How to use jetty plugin properties?

Hi, How to use jetty plugin properties? The following piece of code:

[jettyRun, jettyRunWar, jettyStop]*.with {

httpPort = 8887

stopPort = 8081

stopKey = ‘stopKey’

jettyEnvXml = file(‘src/test/resources/jetty-env.xml’) }

generates warning message:

Dynamic properties are deprecated: http://gradle.org/docs/current/dsl/org.gradle.api.plugins.ExtraPropertiesExtension.html Deprecated dynamic property: “httpPort” on “task ‘:client:jettyStop’”, value: “8887”. Deprecated dynamic property: “jettyEnvXml” on “task ‘:server:jettyRunWar’”, value: “/yyy/workspace/d…”. Deprecated dynamic property “httpPort” created in multiple locations. Deprecated dynamic property: “jettyEnvXml” on “task ‘:server:jettyStop’”, value: “/yyy/workspace/d…”.

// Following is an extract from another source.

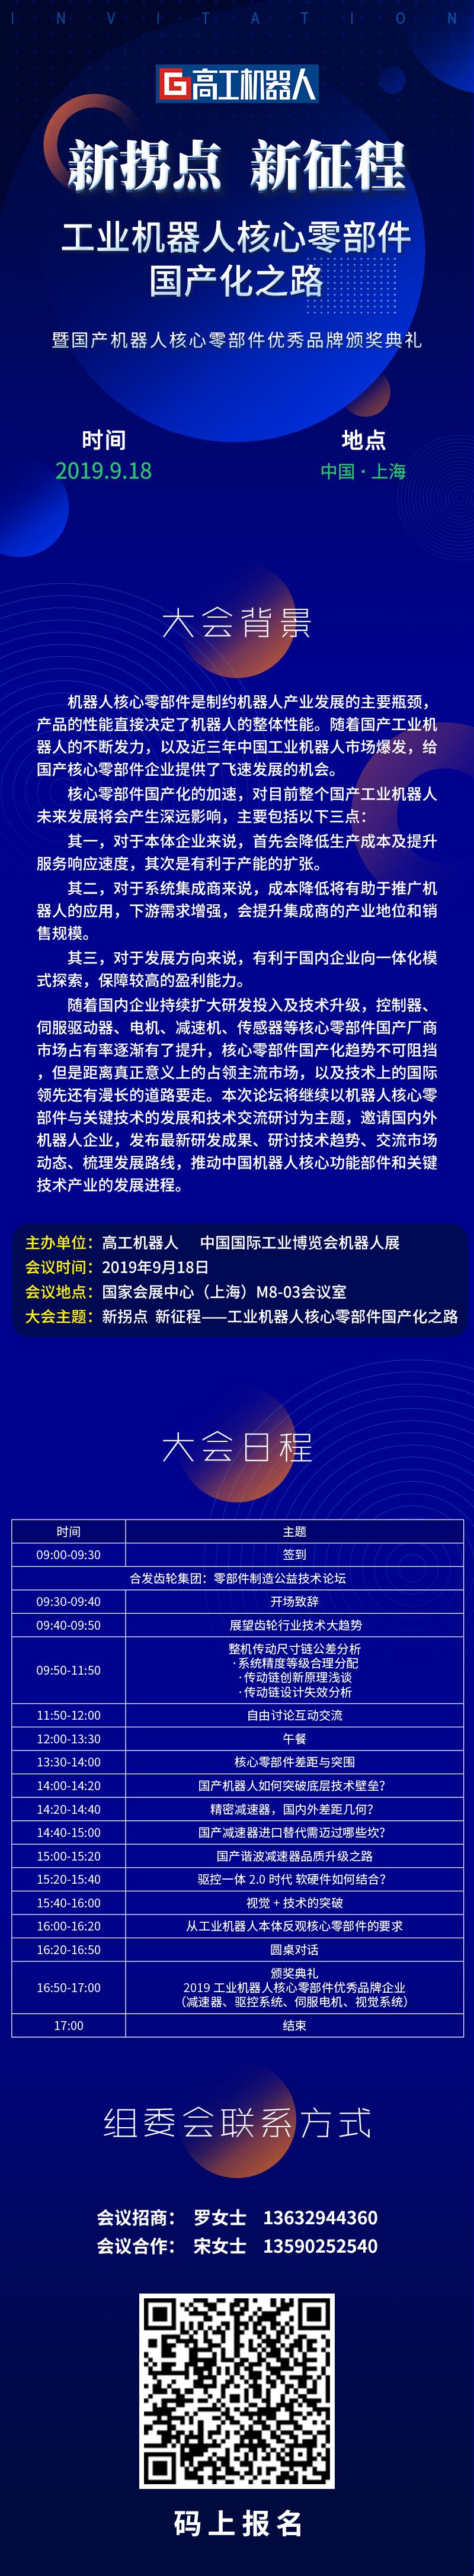 2019高工亚博竞技二打一官网零部件手机端(1).png

Hello Opal, The jetty plugin ships with three convention properties, that can be directly configured in the buildscript:

httpPort = 8887
 stopPort = 8081
 stopKey = 'stopKey'

The jettyEnvXml property is only available for the jettyRun task. to configure the jettyRun task to use your jetty-env.xml file you can do:

jettyRun{
     jettyEnvXml = file('src/test/resources/jetty-env.xml')
}

Gradle allows the creation of dynamic properties. If a property does not yet exist, it will be created. An example:

In your example snippet you try to set the httpPort on the jettyStop task. As the httpPort property does not exist for the jettyStop task (see dsl reference at http://gradle.org/docs/current/dsl/org.gradle.api.plugins.jetty.JettyStop.html) groovy dynamically creates this object. As we changed this default behaviour to avoid accidently created properties, the deprecation warning is written.

regards, René

Thanks for exhaustive and useful response.